Le monde est un échiquier. Et sur cet échiquier, Poutine joue simultanément sur plusieurs cases pendant que ses soldats meurent, un par un, dans les tranchées d’Ukraine. Le cynisme n’a pas de limites quand la vie humaine n’a pas de valeur.
La guerre informationnelle — le silence comme arme
Quand ne pas compter est une stratégie
Le refus de la Russie de publier ses pertes depuis septembre 2022 n’est pas de la négligence. C’est une stratégie. Si les familles ne savent pas combien sont morts, elles ne peuvent pas se mobiliser. Si les chiffres n’existent pas officiellement, les médias d’État peuvent continuer à parler de « l’opération militaire spéciale » comme d’un succès sans être contredits par la réalité. Si les morts n’ont pas de nombre, ils n’ont pas de poids politique.

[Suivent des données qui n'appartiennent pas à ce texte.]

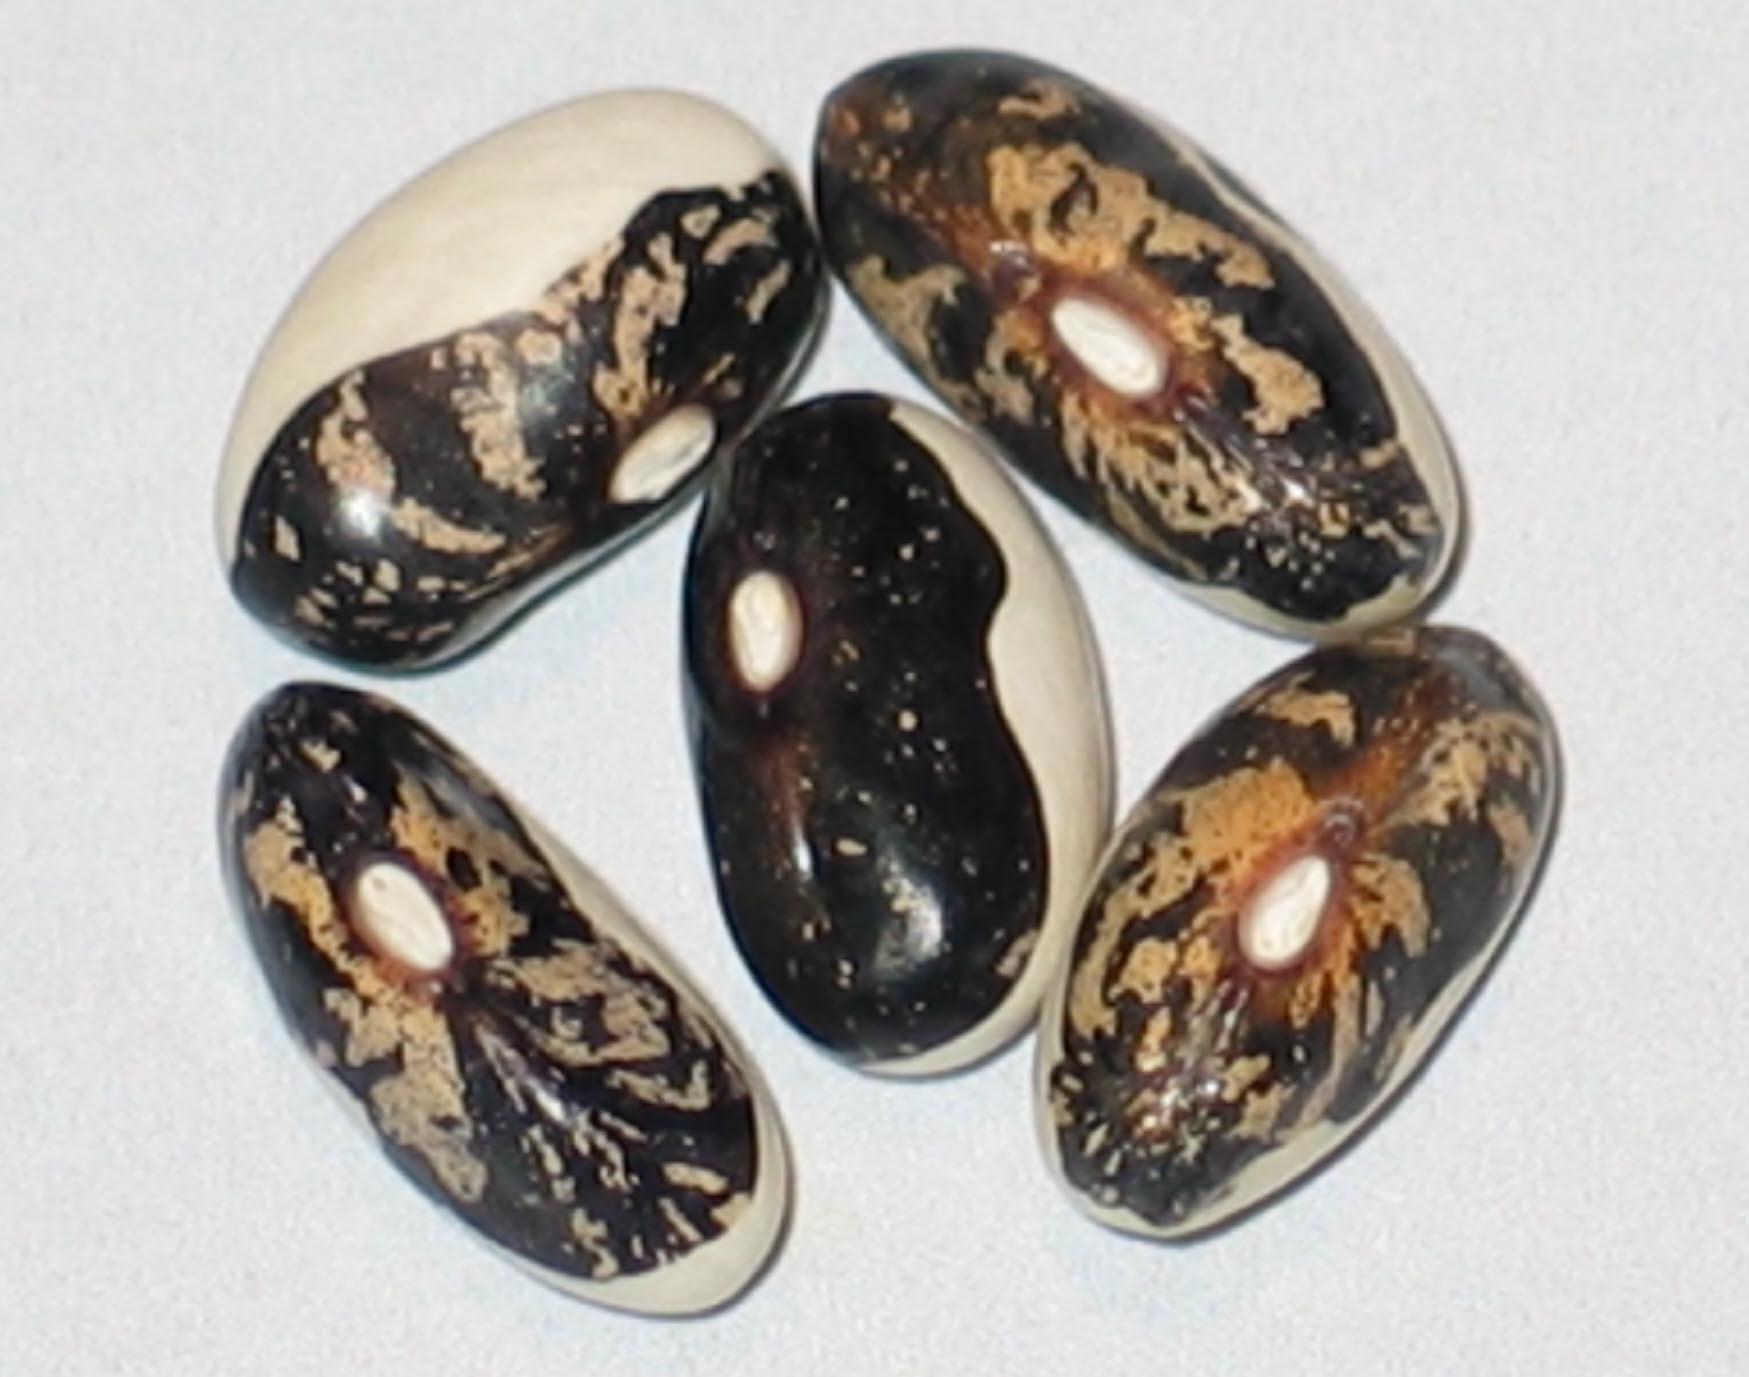 image of Karachaganck beans

Cette stratégie fonctionne — jusqu’à un certain point. Mais les 201 000 noms publiés par Mediazona et BBC Russia sont un barrage contre le mensonge. Chaque nom vérifié, chaque avis de décès recoupé, chaque famille contactée — c’est un acte de résistance contre l’amnésie organisée par le Kremlin. Les journalistes qui font ce travail risquent la prison. Certains l’ont fait depuis l’exil. Leur travail est peut-être le document historique le plus important de cette guerre.
Il y a une forme de courage que nous sous-estimons : celle de compter. De compter les morts quand l’État vous interdit de le faire. De mettre un nom sur chaque chiffre. De transformer une statistique en être humain. Les journalistes de Mediazona font un travail que le gouvernement russe refuse de faire — et qu’il punit ceux qui le font.
Le fossé entre la propagande et le réel
La télévision d’État russe continue de présenter la guerre comme une suite de victoires. Les « experts » militaires du Kremlin expliquent comment « l’opération se déroule selon le plan ». Mais le plan n’incluait pas 1 275 980 pertes. Le plan n’incluait pas le retrait de Kherson. Le plan n’incluait pas les missiles Storm Shadow frappant des usines à Bryansk. Le plan n’incluait pas les drones ukrainiens au-dessus de Moscou. Le fossé entre la propagande et la réalité s’élargit chaque jour, et un jour — pas aujourd’hui, peut-être pas demain, mais un jour — ce fossé deviendra un gouffre dans lequel le régime tout entier s’effondrera.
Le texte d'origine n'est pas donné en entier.